Means are incorporated in the tubing hanger assembly to maintain a force which tends to urge the expanders 43 and 56 towards one another, such a means is best seen in FIGS. 9 and 10, as comprising a suitable number of angularly spaced spring means 115. More particularly, at each location a bolt 116 is threaded at 117 into the lower end of the lower expander member 56 and extends downwardly, slidably, through holes 118 in the lower end member 36, the bolt heads 119 shouldering at 120 to retain the member 36 in assembly. Interposed between the lower end member 36 and the expander 56 is a stack of Belville washers 121 adapted to exert substantial force tending to spread the members 36 and 56 apart.
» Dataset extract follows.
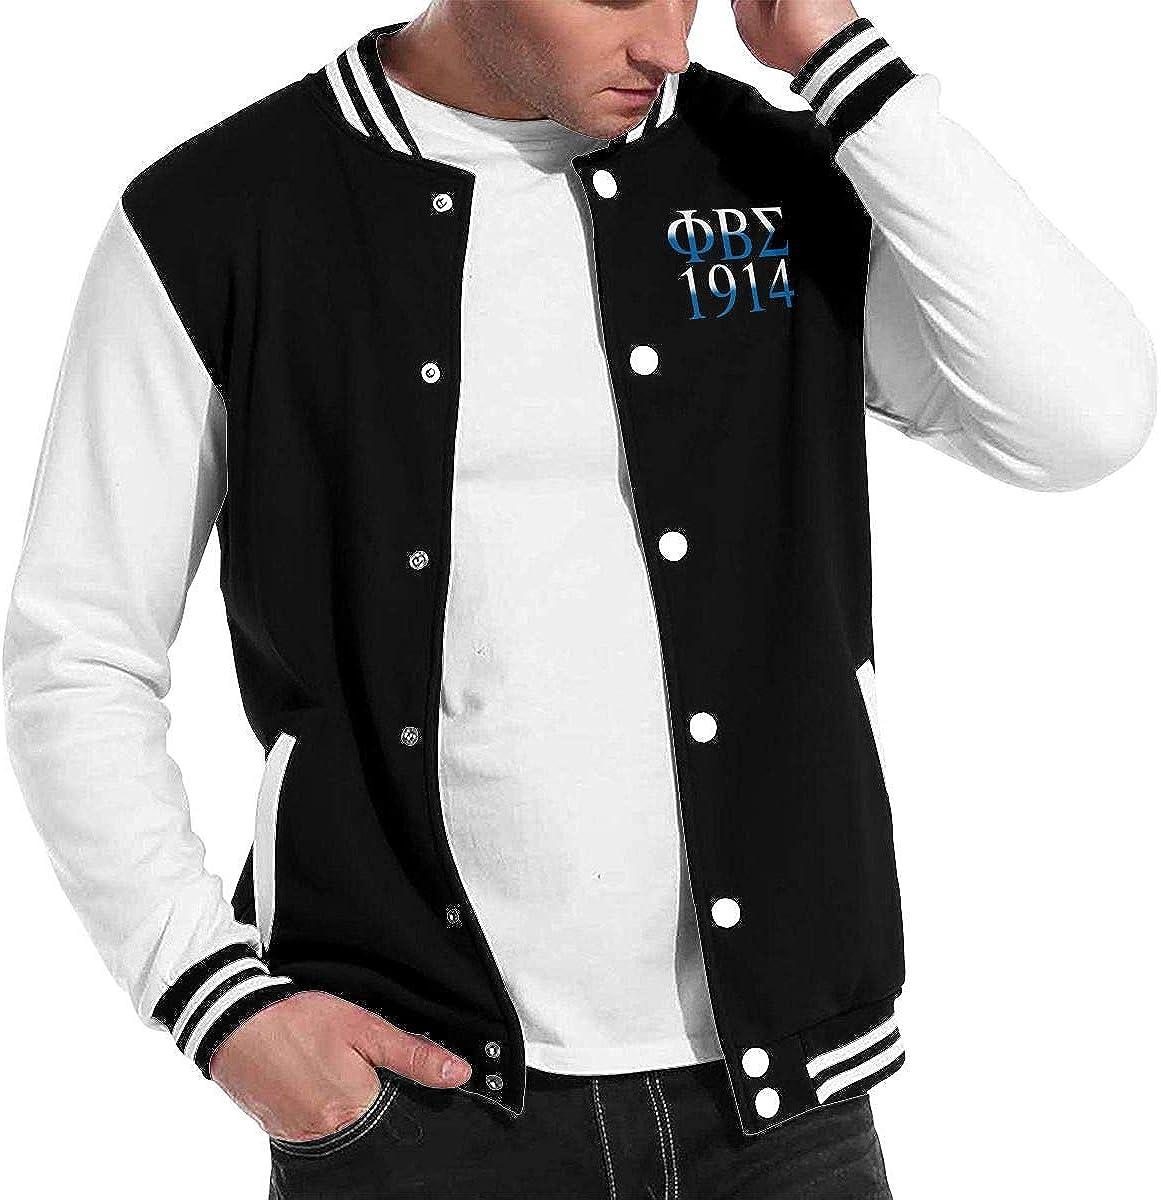 Phi Beta Sigma Baseball Jacket Mens Winter Thick Warm Baseball Uniform Coat

As previously indicated and as seen in FIG. 4d, for example, the tie rods 24 are also connected to the lower member 36, and when the tie rods 24 move upwardly, the teeth 33 thereon (FIG. 4c) will move into engagement with the lock ring 29 (FIG. 5b) so that the force of the Belville washers 121 is applied downwardly to the upper expander 43 and upwardly to the lower expander 56. The Belville washers 121 are compressed during setting of the tubing hanger to the extent determined by the movement of an outer sleeve 122 carried on the lower body member 36 and movable upwardly relative to the expander member 56 into engagement with a downward facing shoulder 123, as the anchor means 34 are being set.
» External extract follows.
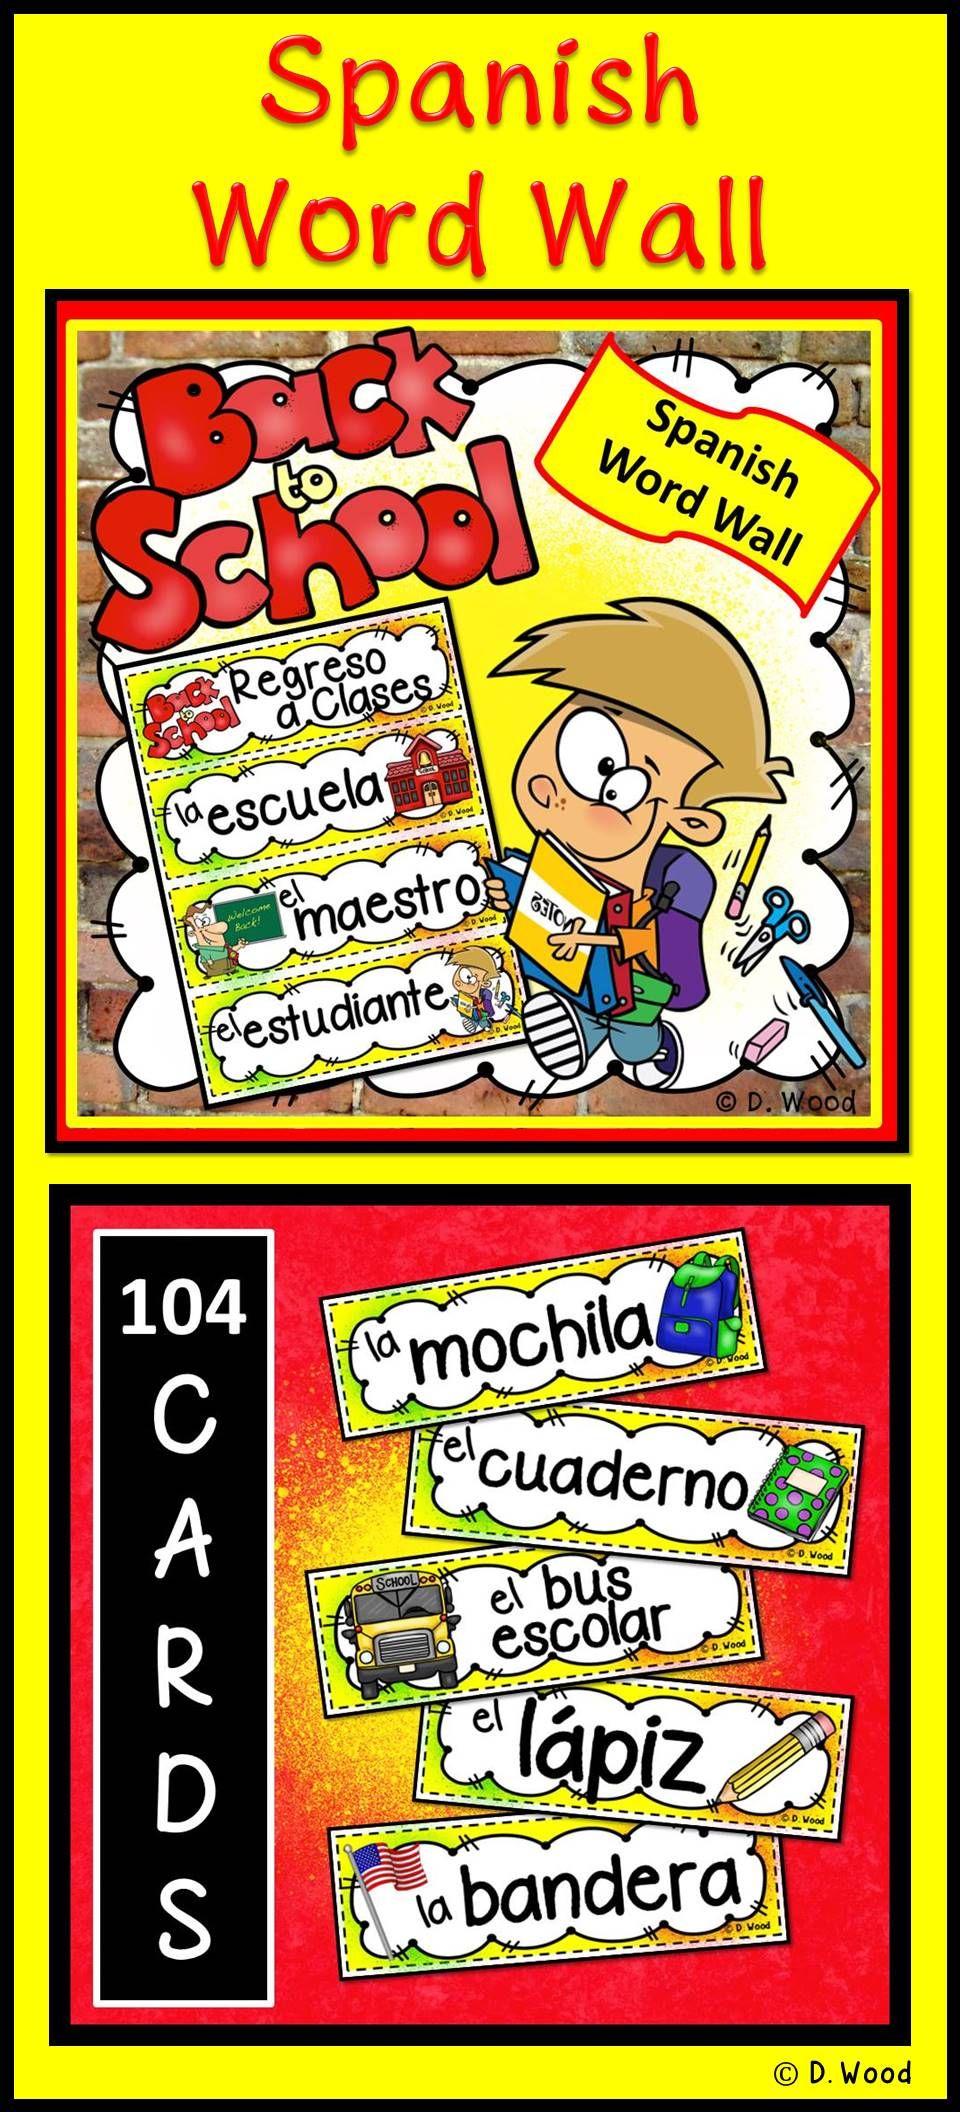 Spanish Classroom Decor Word Wall: Regreso a Clases | Spanish word ...

When the setting tool has been removed from the well casing, the tubing hanger assembly is then in condition to receive the dual valve assembly V, as seen in FIGS. 11a through 11d.

The dual valve assembly V, as previously indicated, comprises, in the illustrated embodiment, a pair of valves V1 and V2, since the apparatus is shown as applied to producing from a pair of well zones Z1 and Z2, but it will be understood that the invention is applicable, also, to the production from more than two well zones.

At its lower end, as seen in FIGS. 11d and 12, the valve assembly V is adapted to be received in the upper tubing hanger body section 11 and to be latched in place by releasable latch means 125 beneath the internal flange 16 in the hanger body section 10. At diametrically spaced locations in a cross-head 126 of the latch means 125, the latch means 125 has elongated laterally opening spaces 127, 127 accommodating flow tubes 128 and 129 which are respectively adapted to establish communication between the tubing strings T1 and T2 and the valve assemblies V1 and V2, respectively.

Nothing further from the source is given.